Rejection
Fighting for Freedom no. 7
Why do we expect rejection?
I moved out for the first time a month ago. It has been mostly good. I knew that moving out would be a space for me to step into myself in a lot of ways. And that has definitely begun. My first time cooking for myself was a bit of a disaster. Let me be clear. I love cooking and everything that I cooked was delicious. The problem came when I was cleaning up and put my brand new bottle of oil on the top shelf above the microwave.
Maybe the lid was loose.
Maybe I should have gotten a stool to put things away.
Maybe I shouldn’t have thought to myself, “I wonder how long this oil will last.”
I put a big bag up next and it knocked the oil over. I didn’t think much on it because “the lid was definitely on”. I continued to clean surfaces and put the dishes in the sink. I reluctantly grabbed a stool because I realized my short, little arms would not be able to reach the oil later. I climbed on the stool and was SHOOK by the sight of oil EVERYWHERE. I then proceeded to clean up the oil that was now all over the cabinet, dripping behind the microwave, seeping through the microwave, dripping on the stove.... I became a little overwhelmed and one of my first thoughts was “they are going to kick me out”.
How nuts is that? That I would think that one spill would cause people to not want me around.
Why do we expect rejection?
Why do I expect rejection?
Something I have been trying to do lately is have a little extra self-compassion. Specifically, I look at what happened and ask myself, “how would I react if someone else did this?”, or in this case, “how would I feel if one of my roommates accidentally made a huge mess?”. Chances are if I am a lot kinder to them, then I need to try and be a little kinder to me. Because realistically, people (for the most part) are not waiting around to reject you or blame you. I have found that most people have a whole lot of grace to give and see a whole lot of good in you.

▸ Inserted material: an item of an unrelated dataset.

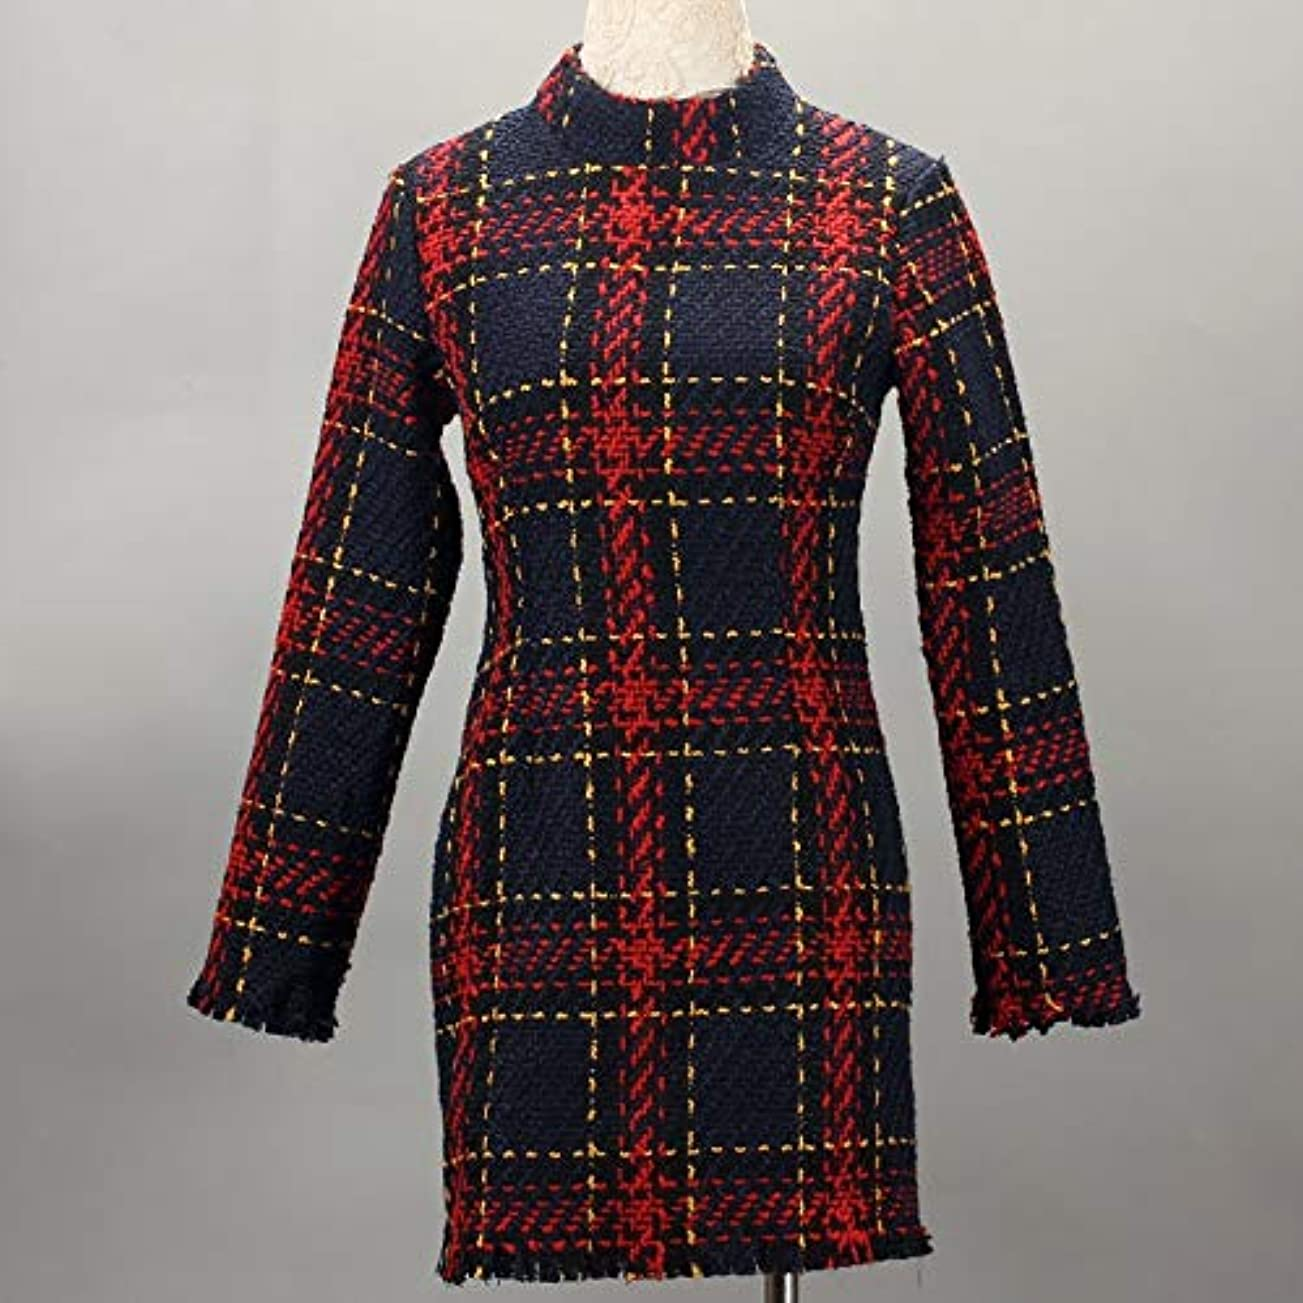 黒考えカプラーOnderroa - ファッション冬のドレスの女性は、ストライプ長袖スリムスキニーセクシーなミニボディコンヴィンテージvestidosドレスの女性を印刷PLAID
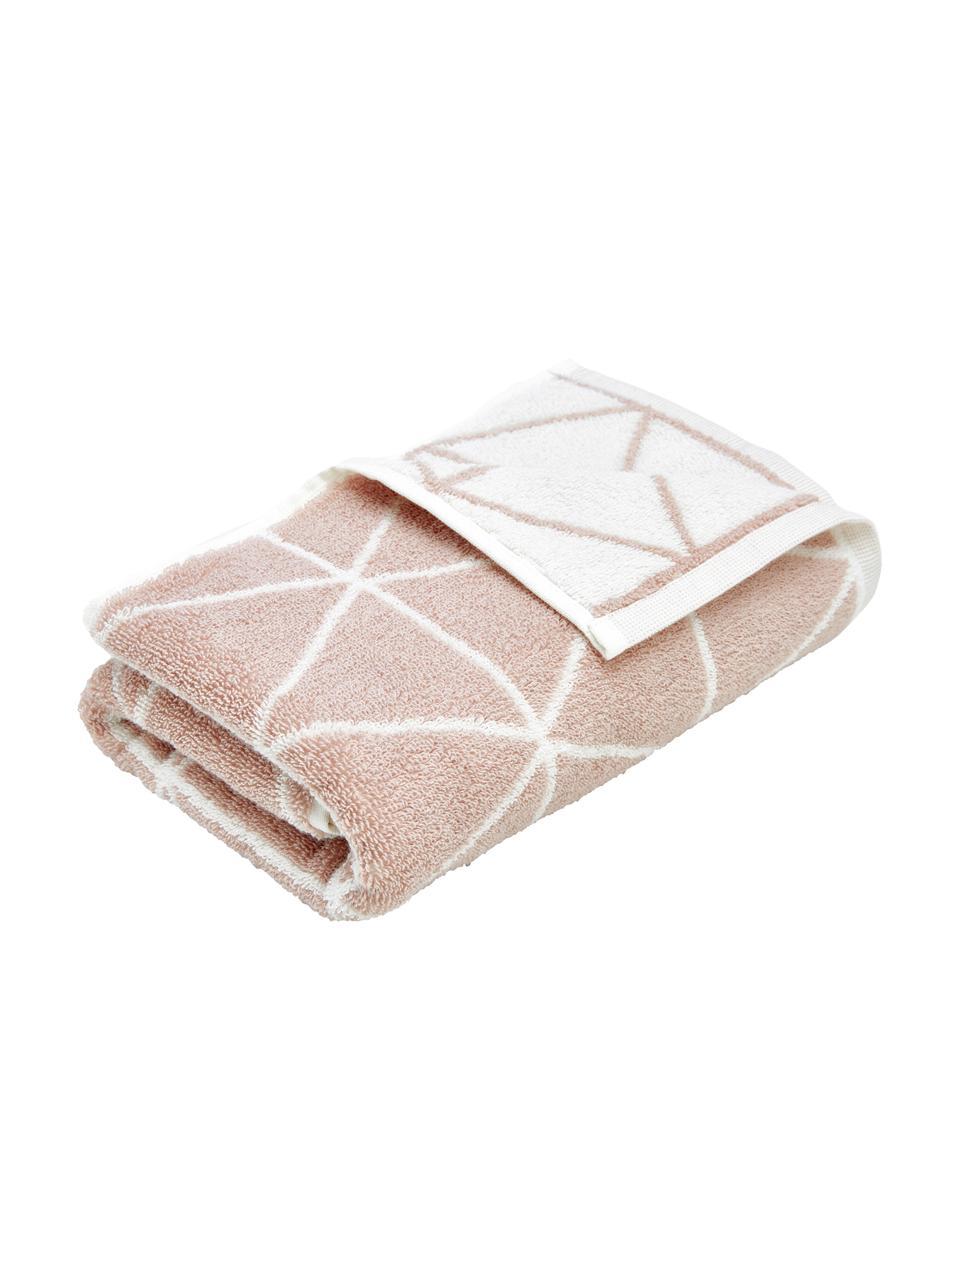 Serviette de toilette réversible en coton pur Elina, Rose, blanc crème

As I have dug a little deeper into rejection and worth, I have been struck by a few things that God has to say about it all. We all know the classic “fearfully and wonderfully made” and other phrases that people use from the Bible to try and speak life into those deep roots of self-worth. A game changer for me came this past week while reading Jo Saxton’s book The Dream of You. She talks about how humankind is made in the image of God on her and Steph’s podcast “Lead Stories”. There was something in the way that those two pieces collided that made me stop in my tracks. God creating us in his image is such an expression of love. For me, it’s easy to see the beauty of God’s creation. But then again, I am one of those creations. Not just one of those creations (and so are you), but a creation made in His own image.That is some pretty powerful stuff.
A few tips: first, speak your lies out loud. Not just to random people. Not to whoever is convenient. But to the people who care and to the people who will speak truth and life over you. Something I have realized this past couple weeks is that I have more of those people than I thought, which is pretty cool. Find your people.
Second tip: learn to take criticism in a healthy way. This has been a big one for me. There are going to be people who feel like they have the authority and the right to speak into your life critically. Some will absolutely have that authority; others will not. Some will speak on whatever they can see, which is not usually the whole story. And some will unfortunately not see your heart and call things out in you that may not even be remotely true. Learn to know the value of each piece of criticism and how to wade through each piece. This podcast helped me drastically understand this concept well: https://podcasts.apple.com/ca/podcast/lead-stories-podcast/id1071345719?i=1000394732290
If you are like me and tend to hold yourself to a particularly high set of standards, just know that you are not alone in these feelings. But you should also know that you are so much more loved than you think or feel. It might take more effort to see, but that doesn’t mean that your particular brand of awesome is not in you already, because it is.
If you feel like you are not surrounded by people who see that, you might need to find new people. If you feel like you can’t quite see it in yourself, maybe you need to look a little deeper. And, if you feel like rejection is around every corner ready to beat up any tiny sense of self-worth you may have, maybe you need to put down your fighting fists and start to take time to see the truth in the situation and see the beauty of creation that is you.